Many Coloradans reported having difficulty accessing supplies as well, such as insulin pumps, which can cost as much as $8,000. Because of the cost associated with pumps, there are racial and other sociodemographic disparities when it comes to accessing supplies. For example, the SEARCH for Diabetes in Youth study found that 26.3% of white children reported using insulin pump therapy compared with only 12.3% of Hispanic children and 5.3% of Black children.
To further understand the real-life circumstances of patients who use insulin, the Department conducted an online survey to Colorado residents in English and Spanish. Nearly 400 Coloradans from 44 of the state’s 64 counties responded to the survey, and many reported struggling with the cost of insulin and other equipment they need. The mental and physical toll for diabetes patients has only increased as the COVID-19 pandemic has continued. Survey respondents reported job loss, furloughs, and salary reductions due to the pandemic, which have made survival even more difficult.
A multi-level response to insulin challenges, including state and federal policy recommendations
Although the reasons behind the pricing increase are complex, the lack of competition among insulin manufacturers and PBMs, the tiering system insurers use to determine what insulin is covered and to what extent, and lack of generic options are some reasons why insulin is not affordable.
Certain barriers to entry make it difficult for new competitors to enter the market and provide consumers with the benefits of more choice and lower priced alternatives. The insulin report includes policy recommendations at the state and federal level to address these barriers.

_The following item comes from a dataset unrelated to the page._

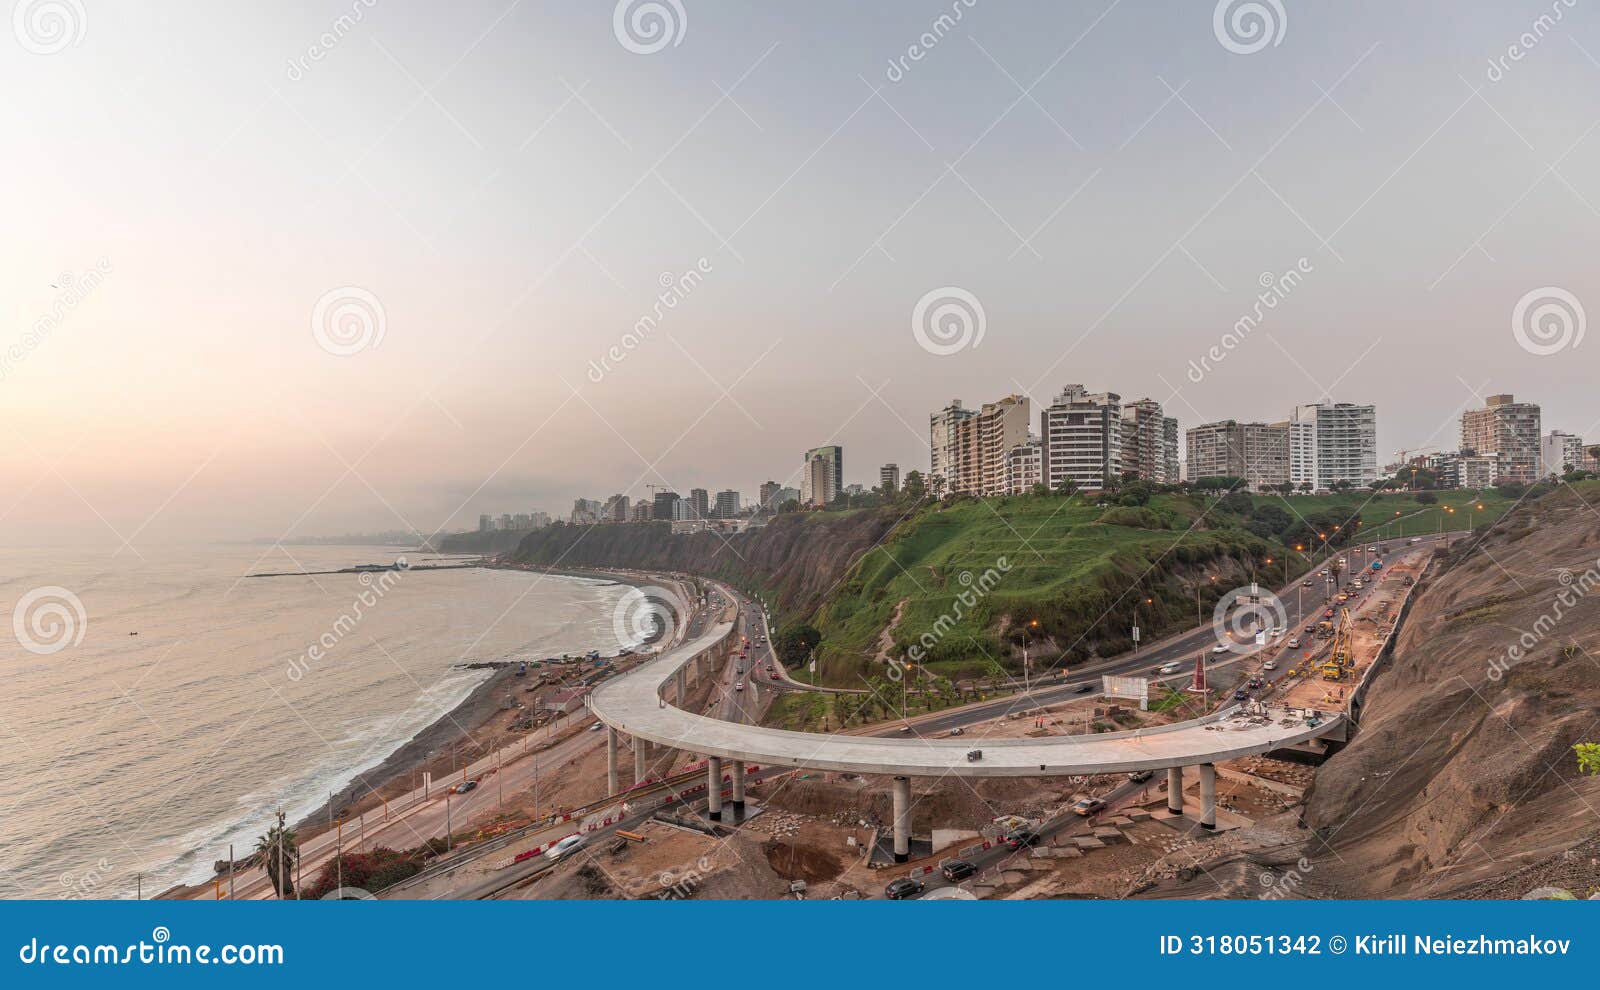 aerial view of lima's coastline in the neighborhood of miraflores day to night timelapse, lima, peru

Those recommendations include:
- Assure transparency in insulin pricing: A bill that passed in 2019 requires drug manufacturers or their representatives to disclose the wholesale acquisition cost of a drug when engaging in marketing activities with health care providers and other prescribers. While this bill was an important step, the report recommends more comprehensive, transactional price transparency reporting to the Division of Insurance from each link in the pharmaceutical supply chain, including manufacturers, PBMs, insurance carriers, and wholesalers.
- Expand mandatory coverage for diabetes supplies: Colorado should pursue additional study regarding cost and availability of diabetes supplies that are processed through insurance and should consider mandating coverage and capping copayments or coinsurance for such supplies.
- Join a bulk purchasing plan to increase purchasing power: Bulk purchasing gives the purchasers greater bargaining power than they would have on their own individually and may be one way for Colorado to reduce insulin costs. Many states have chosen this option, either beginning their own or joining multi-state pools.
- Change patent laws: Changing patent laws will allow for easier introduction of generic or biosimilar versions of insulin and will also stimulate greater competition amongst insulin manufacturers.
- Change drug purchasing laws at the federal level: Permit purchasing outside of the United States, which has higher prices than elsewhere in the developed world, as a strategy for providing access to lower cost supplies of insulin.